Another main idea of the theory is that through diversification across a wide
variety of security types, a portfolio's overall risk may be reduced. If an investor is
presented with two portfolios that offer the same expected return, the rational
decision is to choose the portfolio with the lower amount of total risk.

To arrive at the conclusion that the risk, return and diversification relationships
are true, a number of assumptions must be made.

1. Investors attempt to maximize returns given their unique situation.


2. Asset returns are normally distributed.
3. Investors are rational and avoid unnecessary risk.
4. All investors have access to the same information.
5. Investors have the same views on expected returns.
6. Taxes and trading costs are not considered.
7. Single investors are not sizable enough to influence market prices.
8. Unlimited amounts of capital can be borrowed at the risk-free rate.

Some of these assumptions may never hold, yet MPT is still very useful.

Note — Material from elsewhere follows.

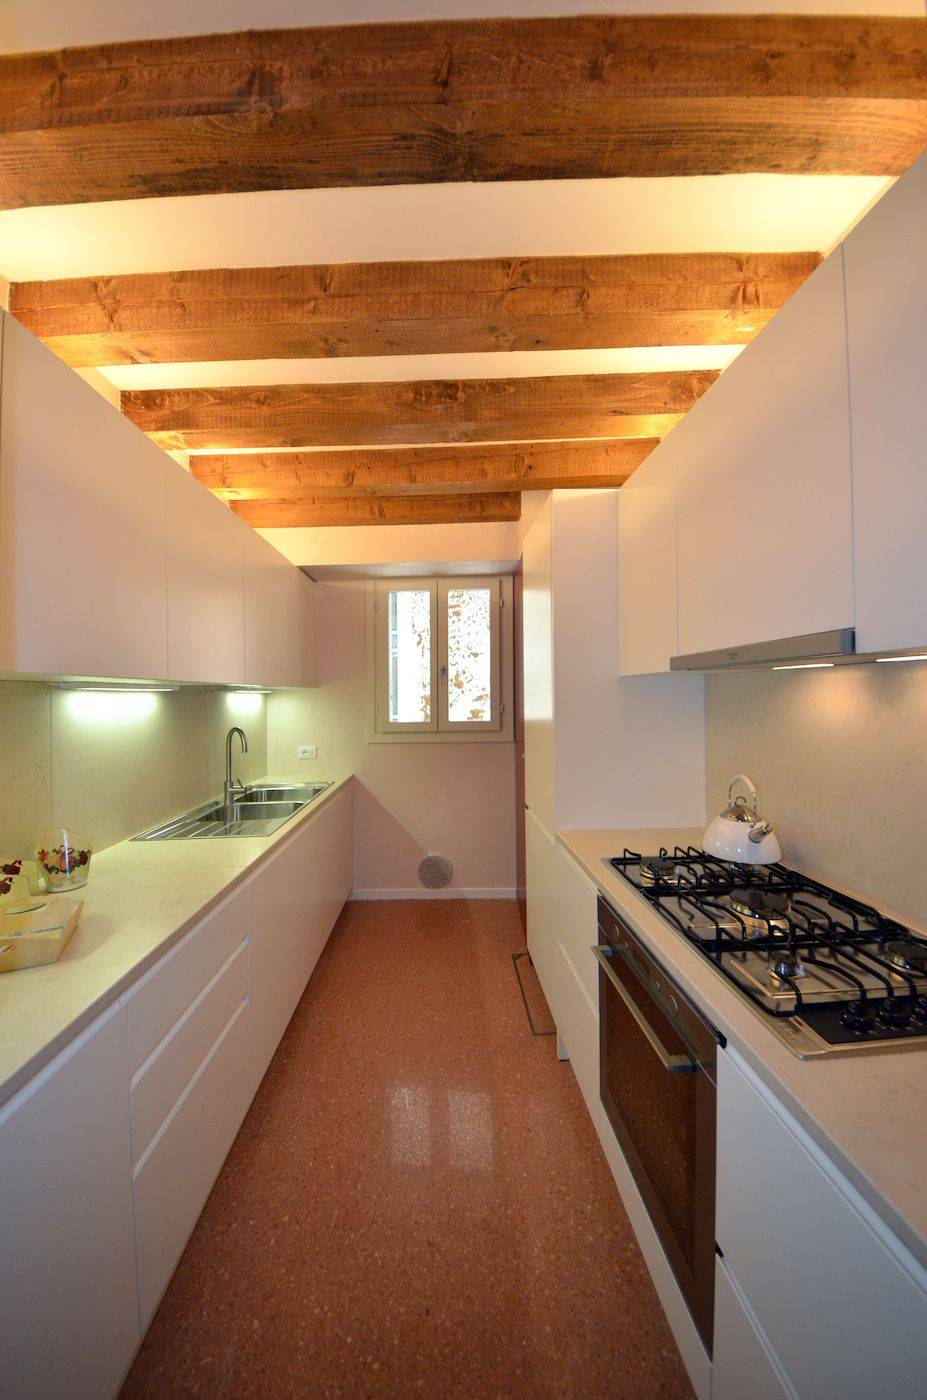 well equipped brand new kitchen of the Palladio apartment

Examples of Applying Modern Portfolio Theory


One example of applying MPT relates to a portfolio's expected return. MPT
shows that the overall expected return of a portfolio is the weighted average of
the expected returns of the individual assets themselves. For example, assume
that an investor has a two-asset portfolio worth $1 million. Asset X has an
expected return of 5%, and Asset Y has an expected return of 10%. The portfolio
has $800,000 in Asset X and $200,000 in Asset Y. Based on these figures, the
expected return of the portfolio is:

Portfolio expected return = (($800,000 / $1 million) x 5%) + (($200,000 / $1


million) x 10%) = 4% + 2% = 6%
If the investor wants to ratchet up the expected return of the portfolio to 7.5%, all
the investor needs to do is shift the appropriate amount of capital from Asset X to
Asset Y. In this case, the appropriate weights are 50% in each asset:

Expected return of 7.5% = (50% x 5%) + (50% x 10%) = 2.5% + 5% = 7.5%


This same idea applies to risk. One risk statistic that comes from MPT, known
as beta, measures a portfolio's sensitivity to the market's systematic risk, which is
the portfolio's vulnerability to broad market events. A beta of one means that the
portfolio is exposed to the same amount of systematic risk as the market. Higher
betas mean more risk, and lower betas mean less risk. Assume that an investor
has a $1 million portfolio invested in the following four assets:

Asset A: Beta of 1, $250,000 invested


Asset B: Beta of 1.6, $250,000 invested
Asset C: Beta of 0.75, $250,000 invested
Asset D: Beta of 0.5, $250,000 invested
The portfolio beta is:

Beta = (25% x 1) + (25% x 1.6) + (25% x 0.75) + (25% x 0.5) = 0.96


The 0.96 beta means the portfolio is taking on about as much systematic risk as
the market in general. Assume that an investor wants to take on more risk,
hoping to achieve more return, and decides a beta of 1.2 is ideal. MPT implies
that by adjusting the weights of these assets in the portfolio, the desired beta can
be achieved. This can be done in many ways, but here is an example that
demonstrates the desired result:

Shift 5% away from Asset A and 10% away from Asset C and Asset D. Invest
this capital in Asset B:

New beta = (20% x 1) + (50% x 1.6) + (15% x 0.75) + (15% x 0.5) = 1.19
The desired beta is almost perfectly achieved with a few changes in portfolio
weightings. This is key insight from MPT.